Court Opinion

ID: 6084625
Source: CourtListenerOpinion
Date Created: 2022-01-13 19:12:05.921136+00
Date Added: 2024-06-11T08:53:21.696787
License: Public Domain

In an action, inter alia, to compel specific performance of an option to purchase real property, the defendants appeal from an order of the Supreme Court, Suffolk County (Gerard, J.), dated April 11, 2001, which, in effect, granted the plaintiff’s cross motion for summary judgment and denied their motion for summary judgment to dismiss the complaint or for summary judgment on their counterclaim for reformation of the contract.
Ordered that the order is affirmed, with costs.
On September 30, 1993, the plaintiff, as tenant, entered into a 12-year lease with an option to purchase an office building owned by the defendants.
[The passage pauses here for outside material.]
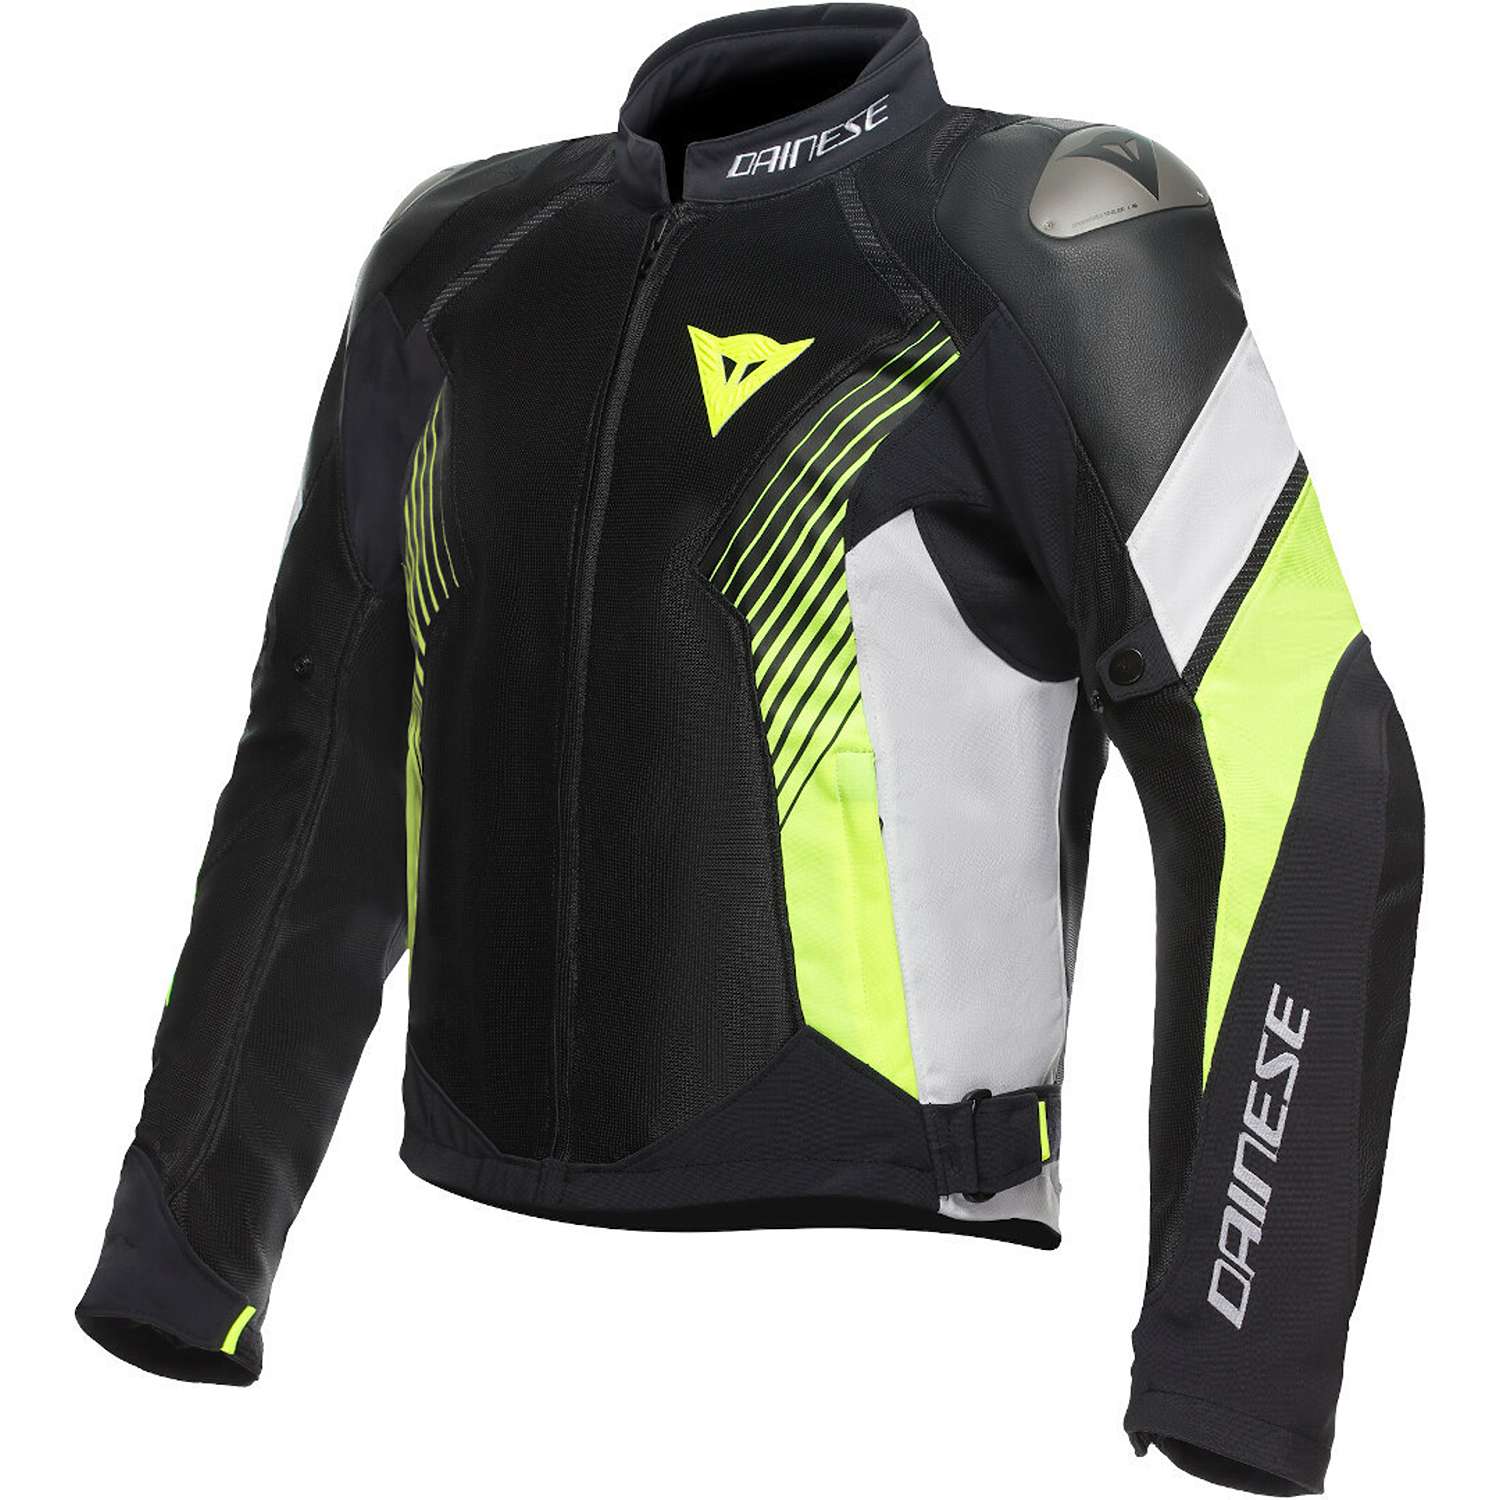 Image of Dainese Super Rider 2 Absoluteshell Jacket Black White Fluo Yellow Talla 44

The lease provided that the plaintiff may exercise the option to purchase by giving written notice on or before the eleventh anniversary date of the lease, and that the closing shall take place on a date “not later than 30 days prior to the expiration date of the initial term” of the lease. On June 10, 1999, the plaintiff exercised the option by giving written notice and requested that the defendants set a prompt closing date. The defendants responded with a letter setting the closing date for December 1, 2005.
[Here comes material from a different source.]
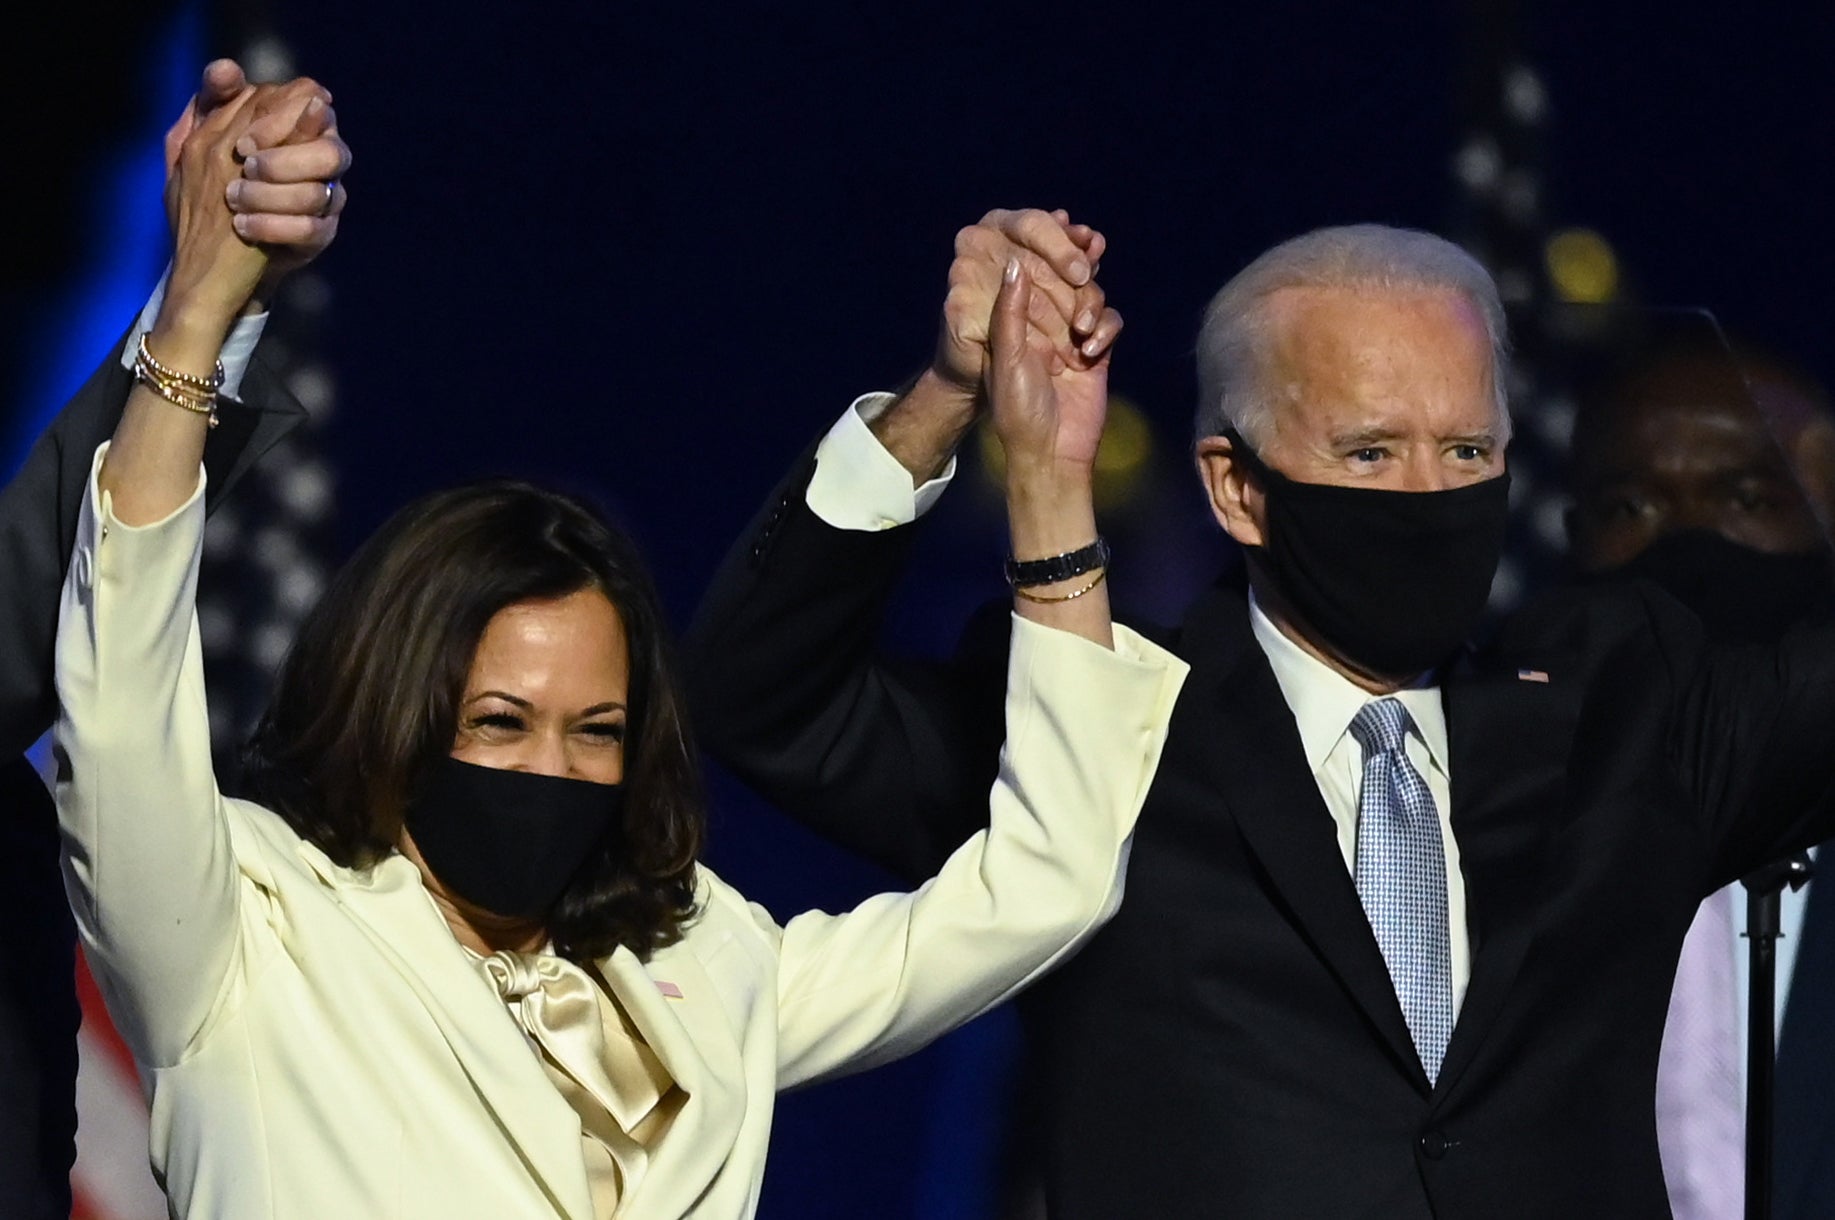 Get Ready For The Historic Biden-Harris Inauguration

Following commencement of this action, the defendants moved, inter alia, for reformation of the lease to provide “that the closing of title * * * take place within 30 days of the Expiration Date” of the lease. The court properly denied the defendants’ motion to reform the contract in the absence of a *574high level of proof by way of clear and convincing evidence of a certainty of error in reducing the parties’ agreement to writing (see Chimart Assoc. v Paul, 66 NY2d 570, 574; Aventine Inv. Mgt. v Canadian Imperial Bank of Commerce, 265 AD2d 513, 514; Touloumis v Chalem, 156 AD2d 230, 232). Santucci, J.P., Altman, Townes and Crane, JJ., concur.